Lane v. Texas
Court of Appeals of Texas
991 S.W.2d 904 (1999)
James Lane (defendant) and three of his friends, Patricia R., Kris Shank, and Anna Eason, participated in the robbery of 71-year-old Hillard Doss at Doss’s house in Texas. The robbery was Lane’s idea. Lane told his friends that Doss was known to carry large amounts of cash, and all three friends agreed to Lane’s plan to commit the robbery. Lane drove his friends to Doss’s home. After arriving, Lane and Patricia stayed in the car, while Shank and Eason left to carry out the robbery. Shank and Eason returned to the car without having robbed Doss, but Lane encouraged them to go through with the robbery. Shank and Eason went back to Doss’s house, committed the robbery, and fled the scene with Lane and Patricia. Afterward, Lane, Shank, and Eason divided up the money they had stolen from Doss. Lane was arrested for aggravated robbery of an elderly person. At Lane’s trial, testimony from Patricia, Shank, and Eason was introduced against Lane. Under Texas law, a criminal defendant could not be convicted if the only evidence against him was uncorroborated accomplice testimony.

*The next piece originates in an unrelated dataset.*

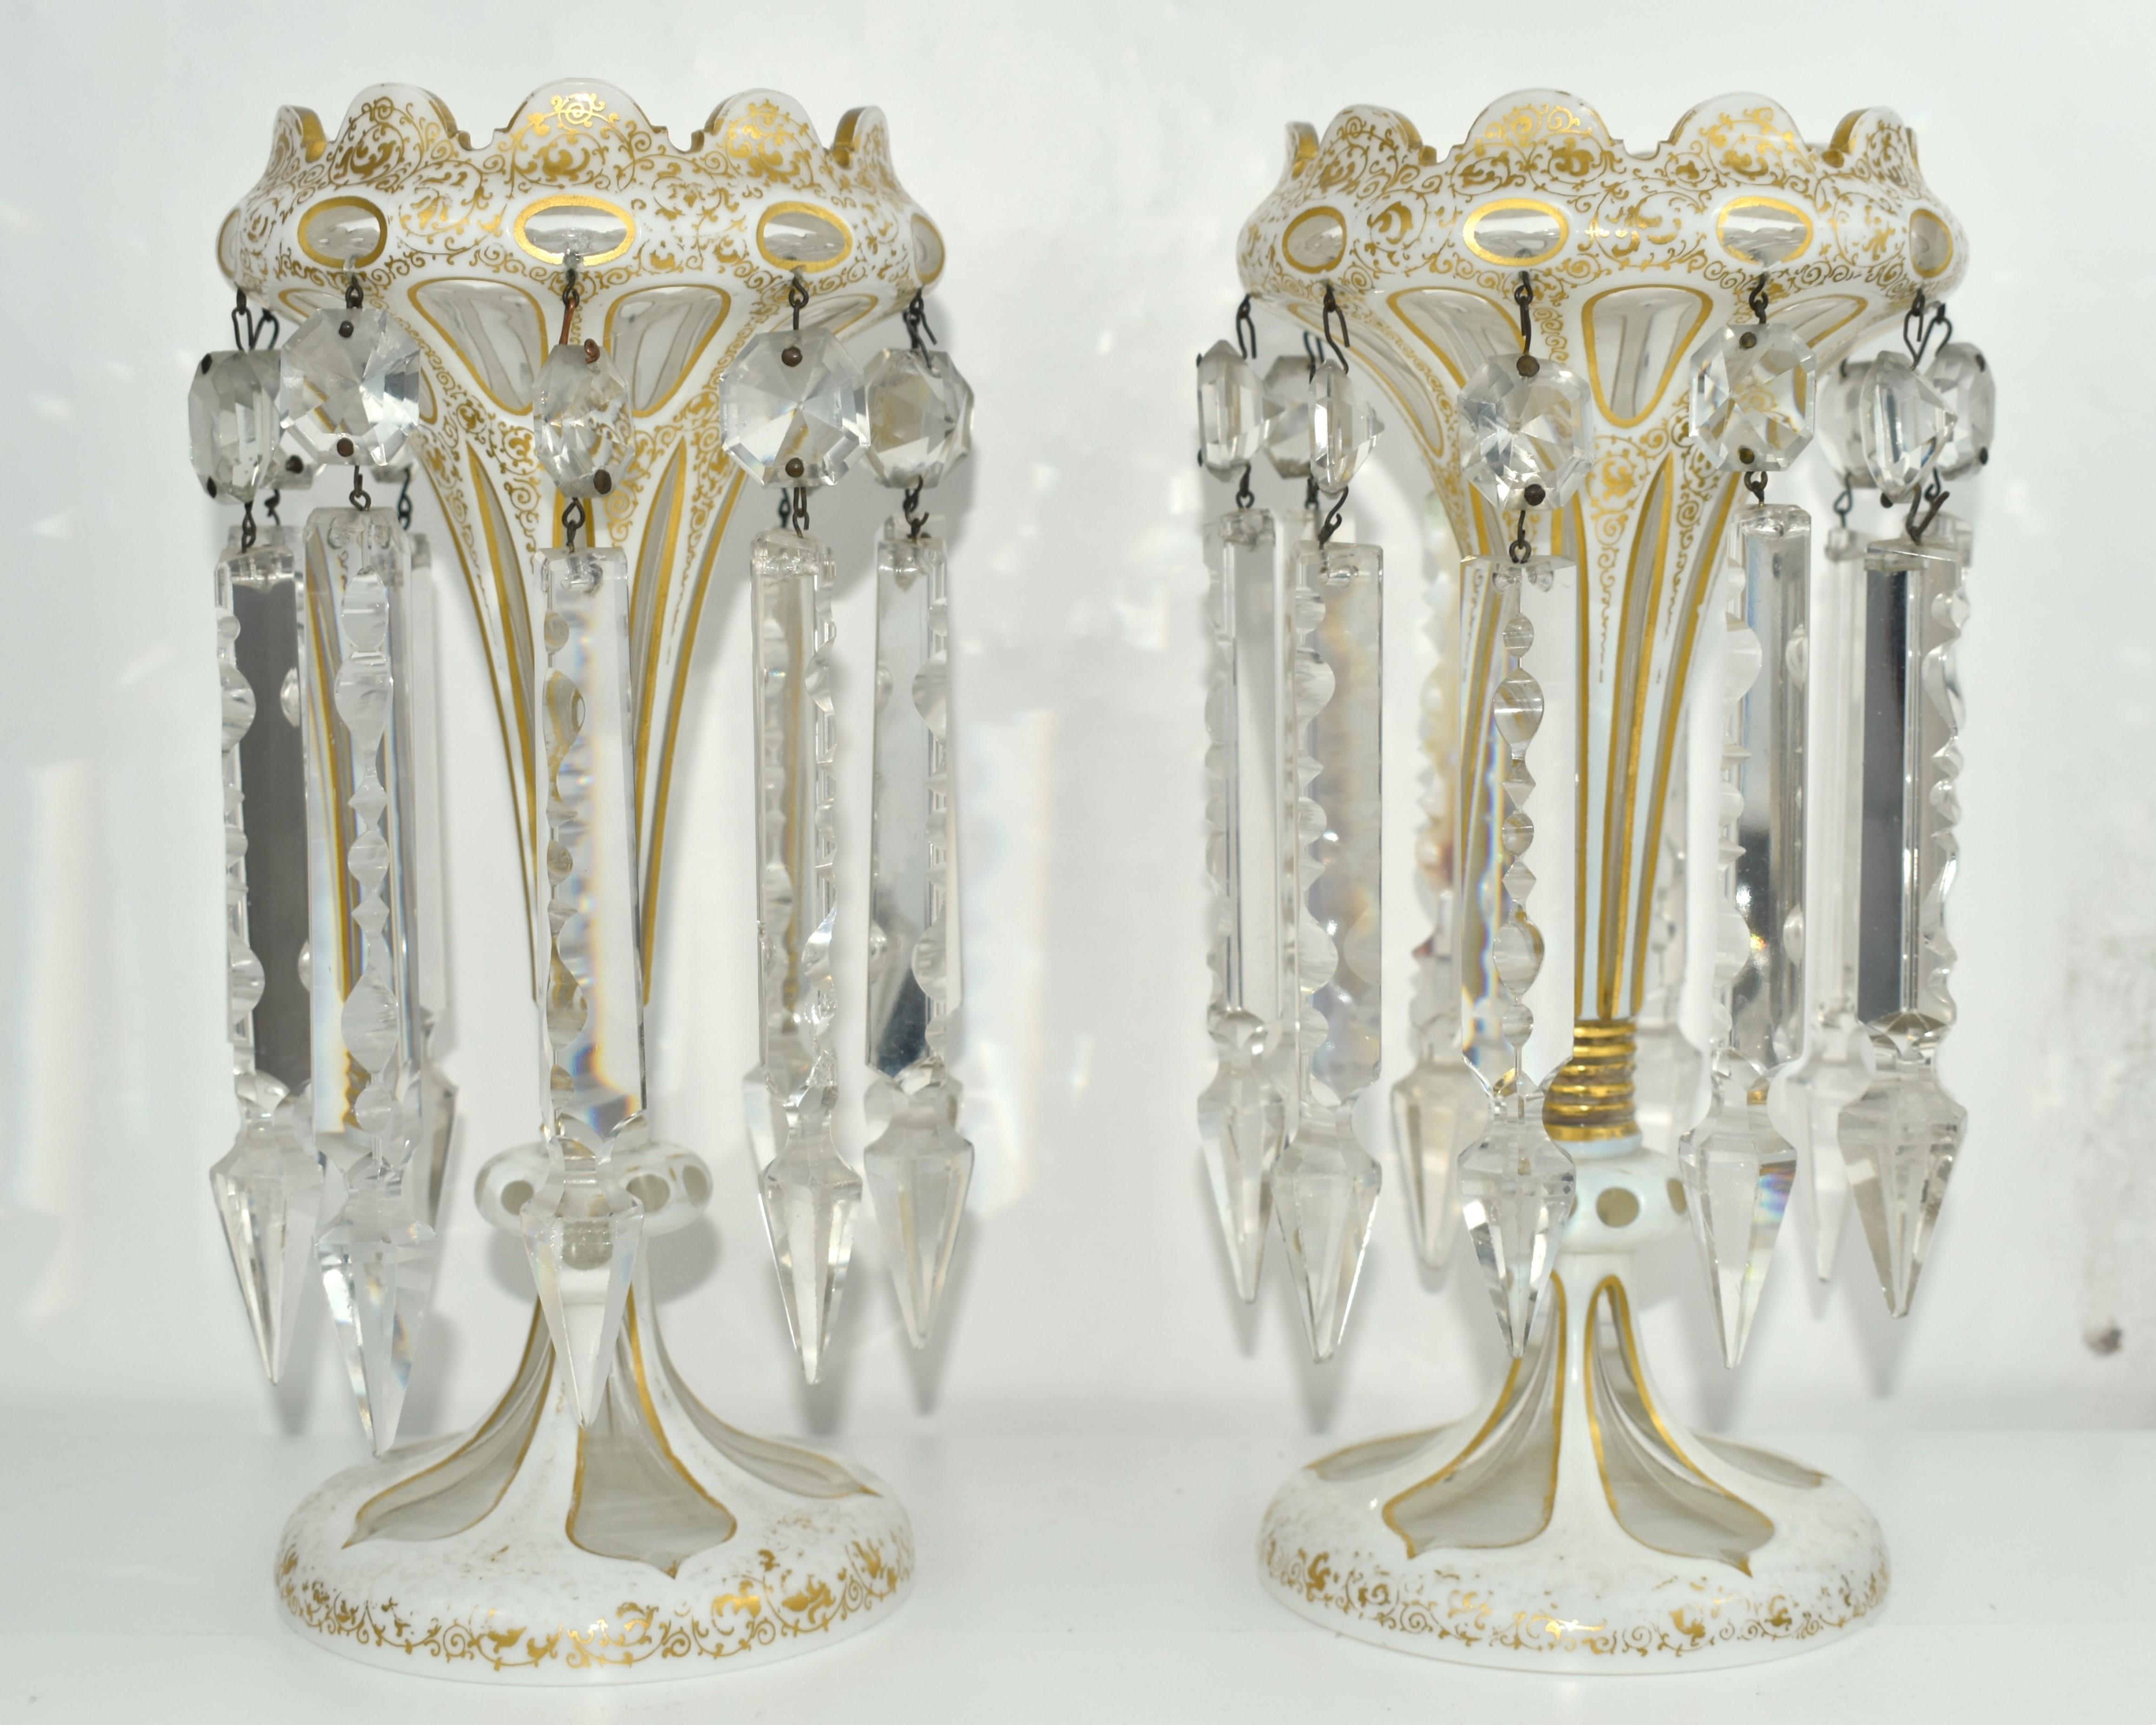 Hergestellt von den böhmischen Kunstglasherstellern des 19. Jahrhunderts, transparentes Kristall mit weißem Opalglas überfangen.

Fabelhaft handgeschnitten und handbemalt rund um den Körper, die milchig-weiße Schicht mit feiner und reicher

The trial court instructed the jury that Eason and Shank were accomplices to the crime, but refused to instruct the jury that Patricia was also an accomplice, thereby allowing Patricia’s non-accomplice testimony to corroborate the testimony of Shank and Eason. Lane was convicted. Lane appealed to the Court of Appeals of Texas, arguing that the trial court erred when it refused to instruct the jury that Patricia was an accomplice.